=== Begin Enclosure ===

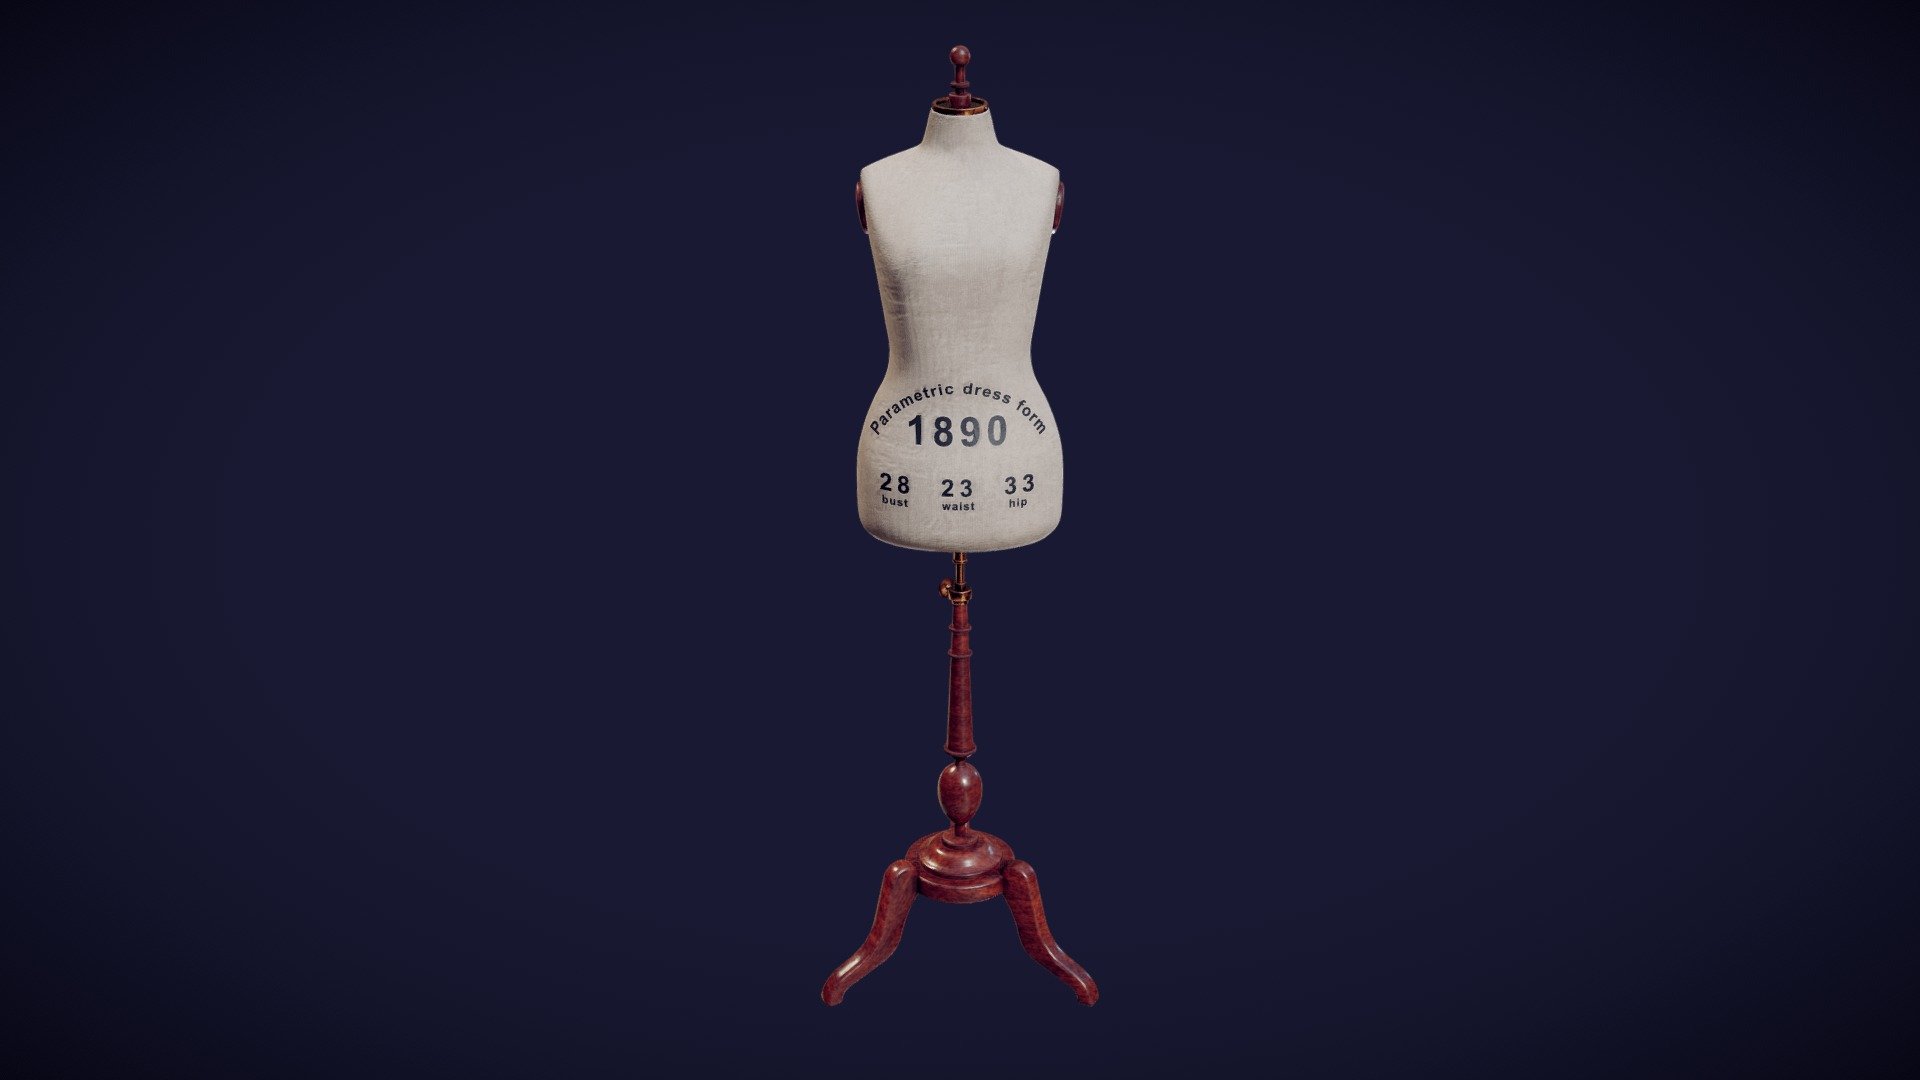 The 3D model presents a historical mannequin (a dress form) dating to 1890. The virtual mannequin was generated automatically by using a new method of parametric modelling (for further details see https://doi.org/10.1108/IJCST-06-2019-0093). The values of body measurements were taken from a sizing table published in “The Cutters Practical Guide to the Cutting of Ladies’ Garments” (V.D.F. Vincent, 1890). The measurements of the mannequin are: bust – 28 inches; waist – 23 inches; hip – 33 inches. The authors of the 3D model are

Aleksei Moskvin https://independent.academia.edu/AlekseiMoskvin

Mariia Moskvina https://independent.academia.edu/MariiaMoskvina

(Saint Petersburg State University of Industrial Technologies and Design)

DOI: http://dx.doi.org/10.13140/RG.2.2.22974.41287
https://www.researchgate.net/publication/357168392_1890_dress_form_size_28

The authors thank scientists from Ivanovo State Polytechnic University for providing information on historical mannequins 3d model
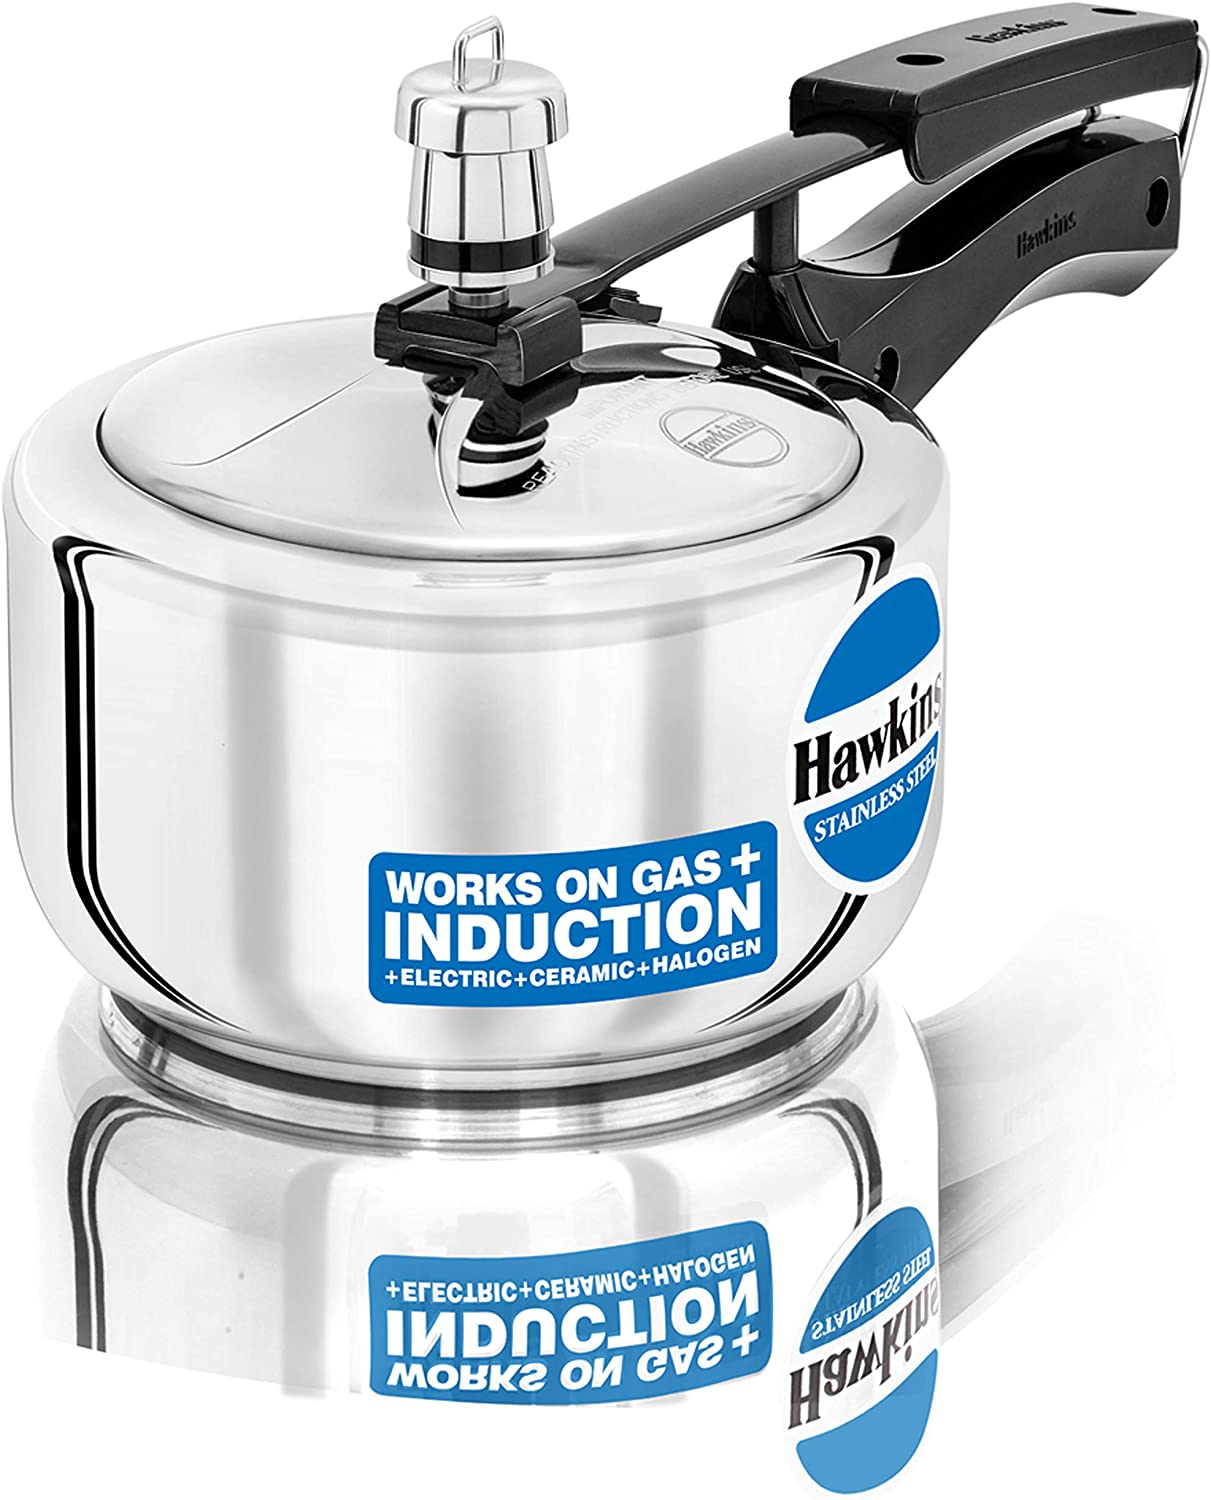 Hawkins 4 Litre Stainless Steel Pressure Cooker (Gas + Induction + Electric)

=== End Enclosure ===
=== Begin Enclosure ===

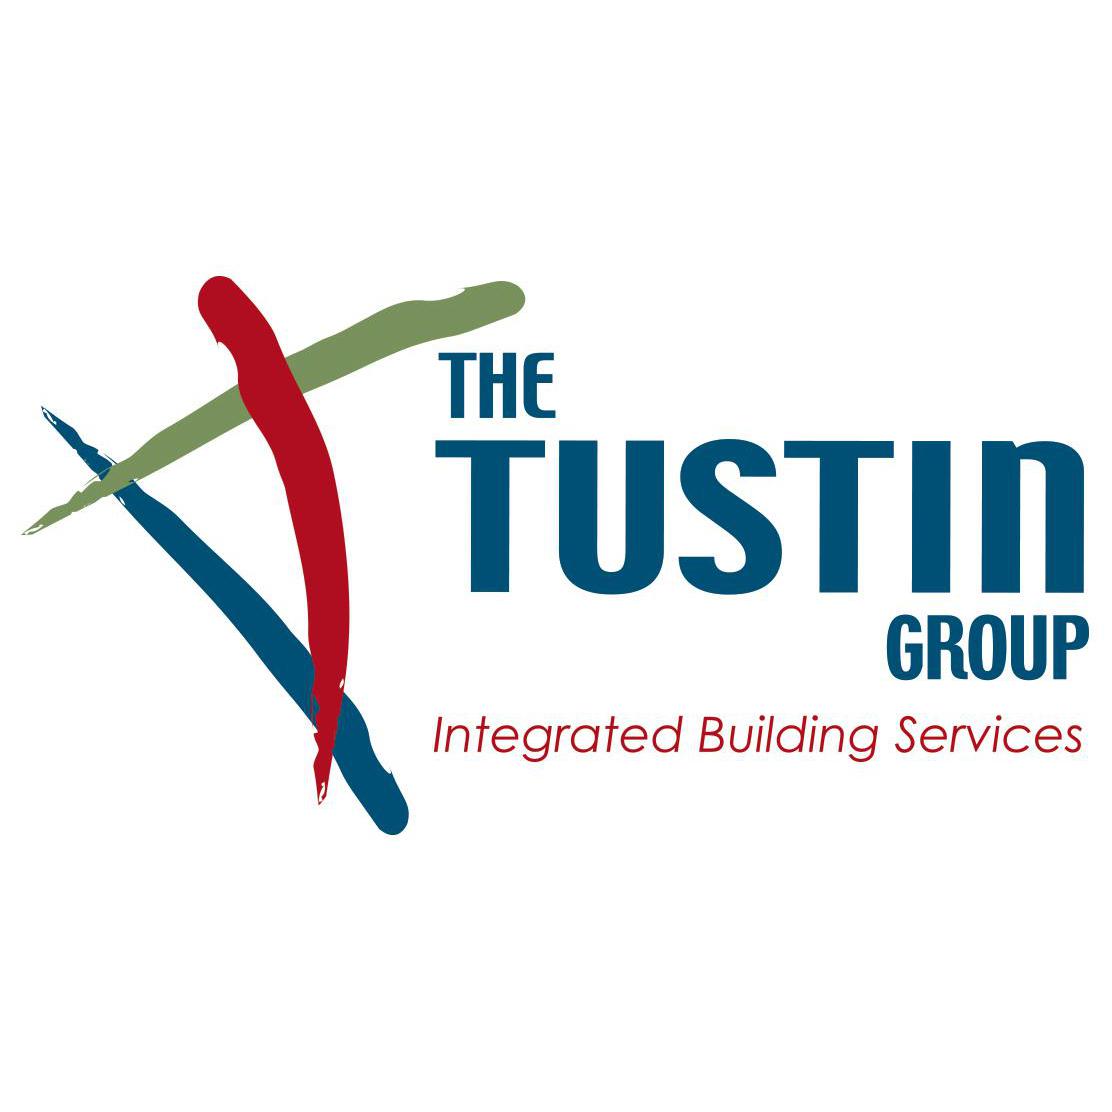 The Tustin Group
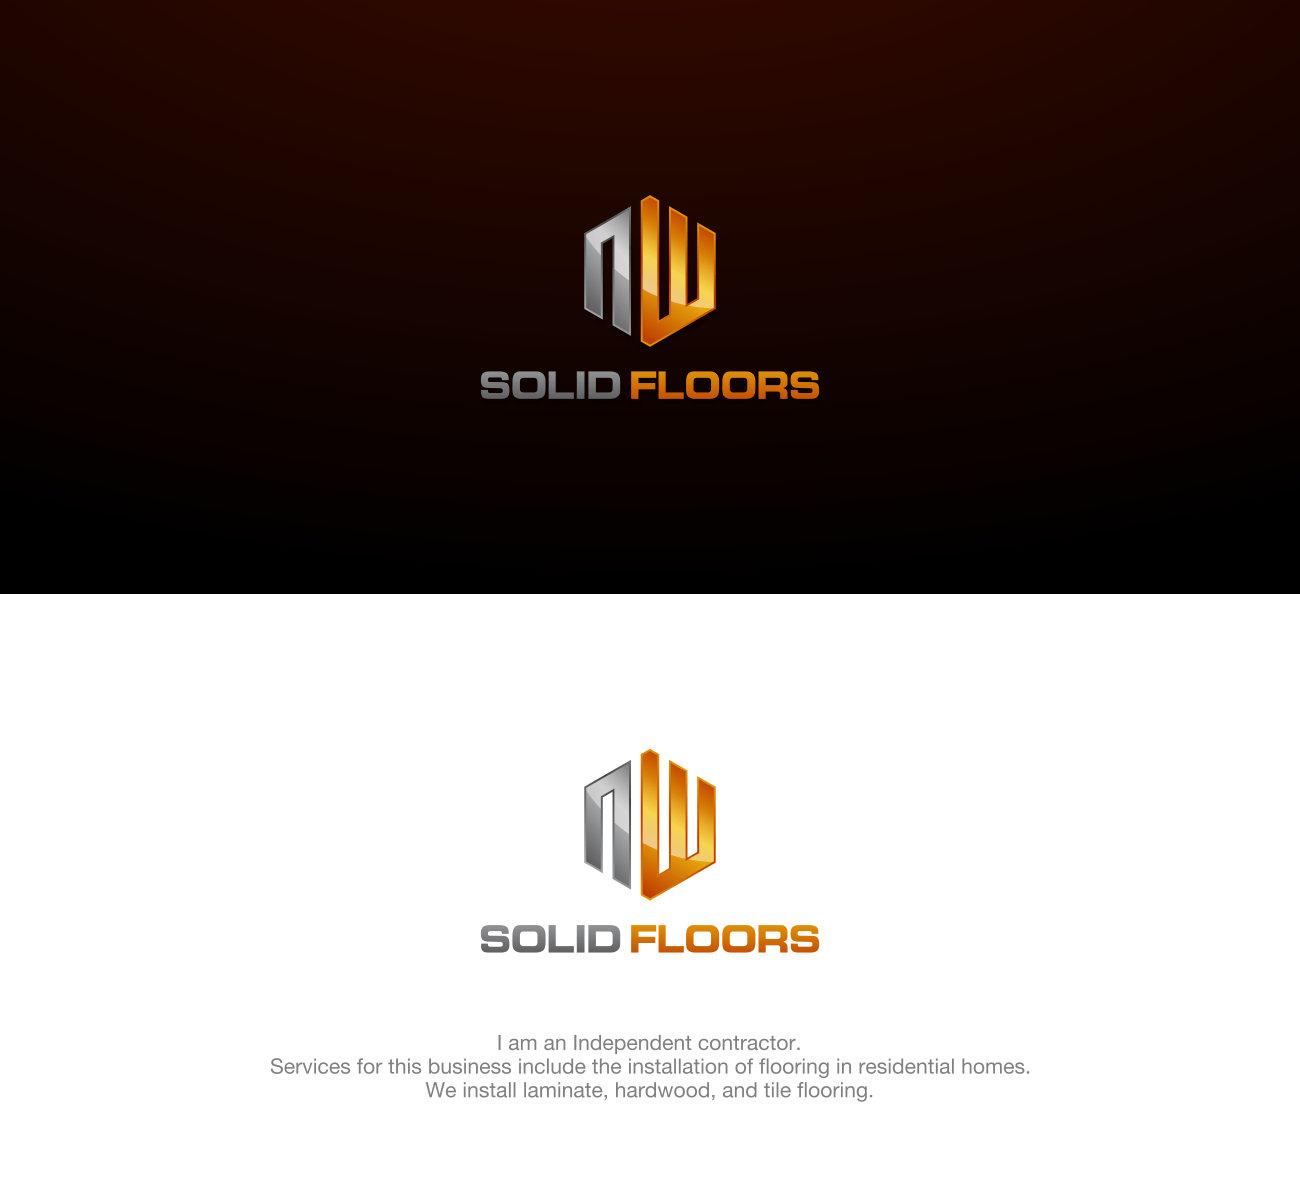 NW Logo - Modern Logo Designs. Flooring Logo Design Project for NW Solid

=== End Enclosure ===

What number of lines in the records hold the word "academia"? Reply with that number alone.

Result » 2